How often we run into people we know in random places in the world, including at a giant conference like RootsTech with 15000 in-person attendees, has got me thinking about small-world experiences. Several of mine have happened in Scotland.

My dear friend Susanna Kearsley and I live across Canada from each other, but three times, we've utterly coincidentally been in Edinburgh at the same time. We've spent some wonderful days researching novels and family history there, both in the archives and wandering cemeteries and streets of the city. 

This photo was taken on one such day, when we'd spent the day location hunting for one of Susanna's novels and were on our way to dinner at Fishers in Leith. 

I often think about the small-world encounters our ancestors may have had and what part those experiences played in their lives. I wish I could sit down and talk with them and find out! 

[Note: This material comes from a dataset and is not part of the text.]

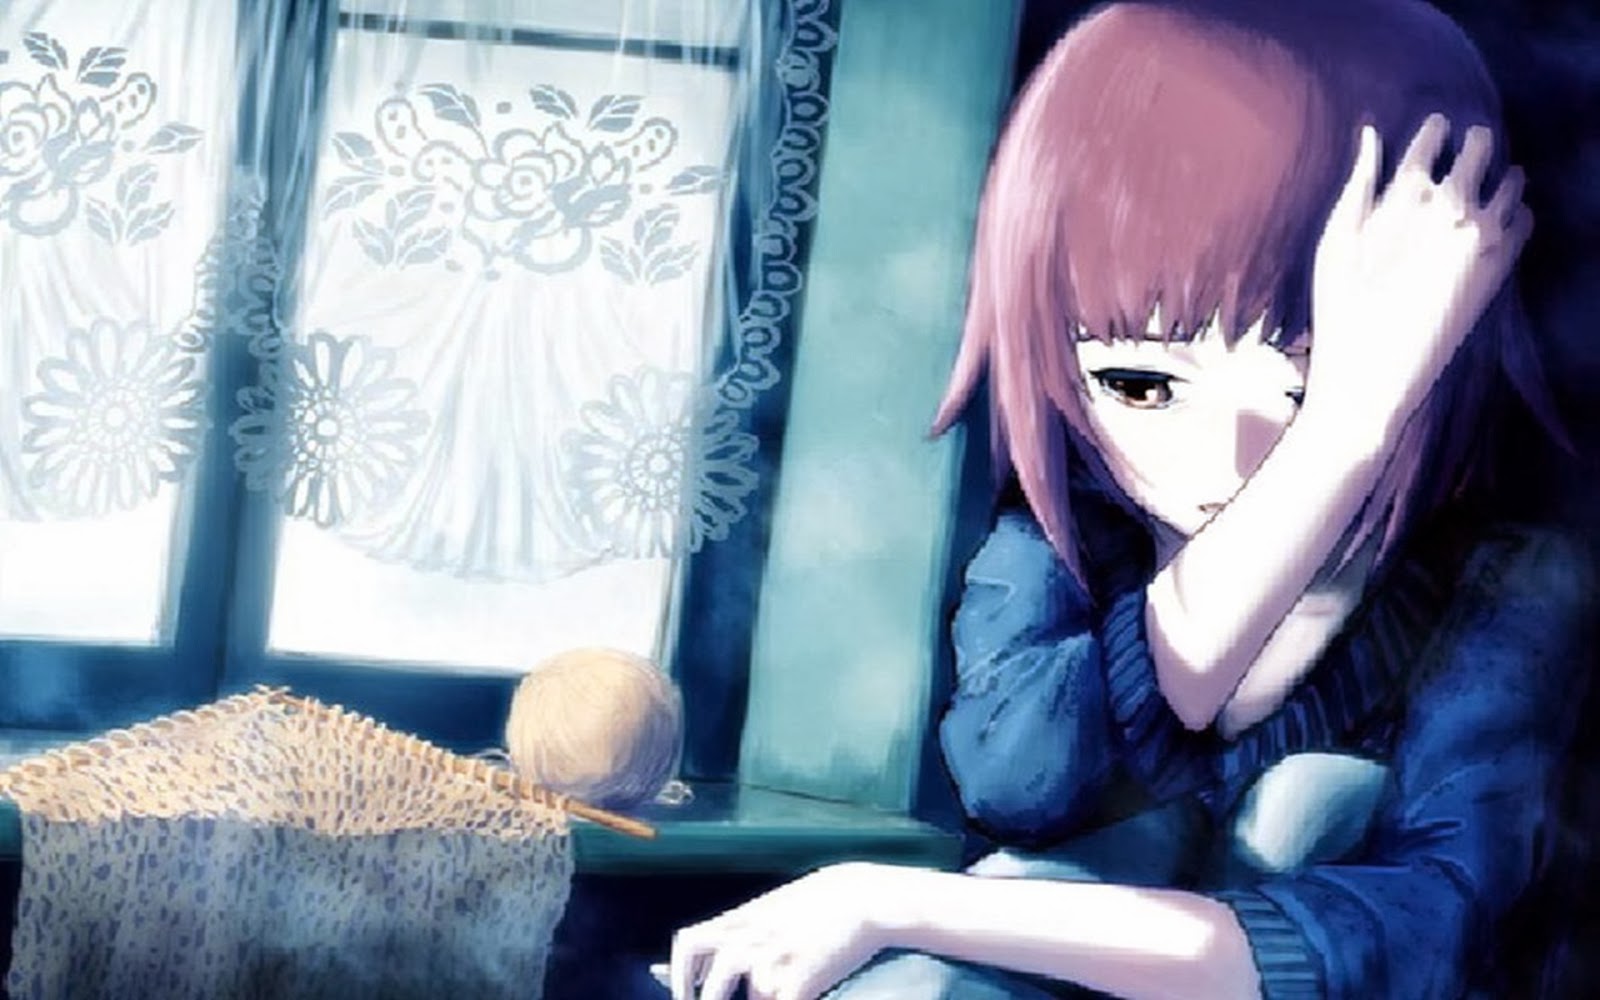  up loader To get more awesome sad anime photo keep visiting our site 1600x1000

Genealogy Tip - the FAN Method

While we may never know those stories about our ancestors, we can often find out more about them, and even break through brick walls, using what genealogist Elizabeth Shown Mills calls the FAN Method. 

When you're stuck, look around to your ancestor's friends, associates, and neighbours. Looking into the people connected to our ancestors can help build a fuller picture of their lives and help identify them on records when you're not sure which of several similar-named people who, for example, got married around the same time and place, is your ancestor. 

Use census records to find neighbours, check witnesses to marriages, godparents if given on baptismal records, etc., to help create a picture of the community in which your ancestor lived and maybe fill in some gaps in what you know about them.

That's it from me for now. More soon!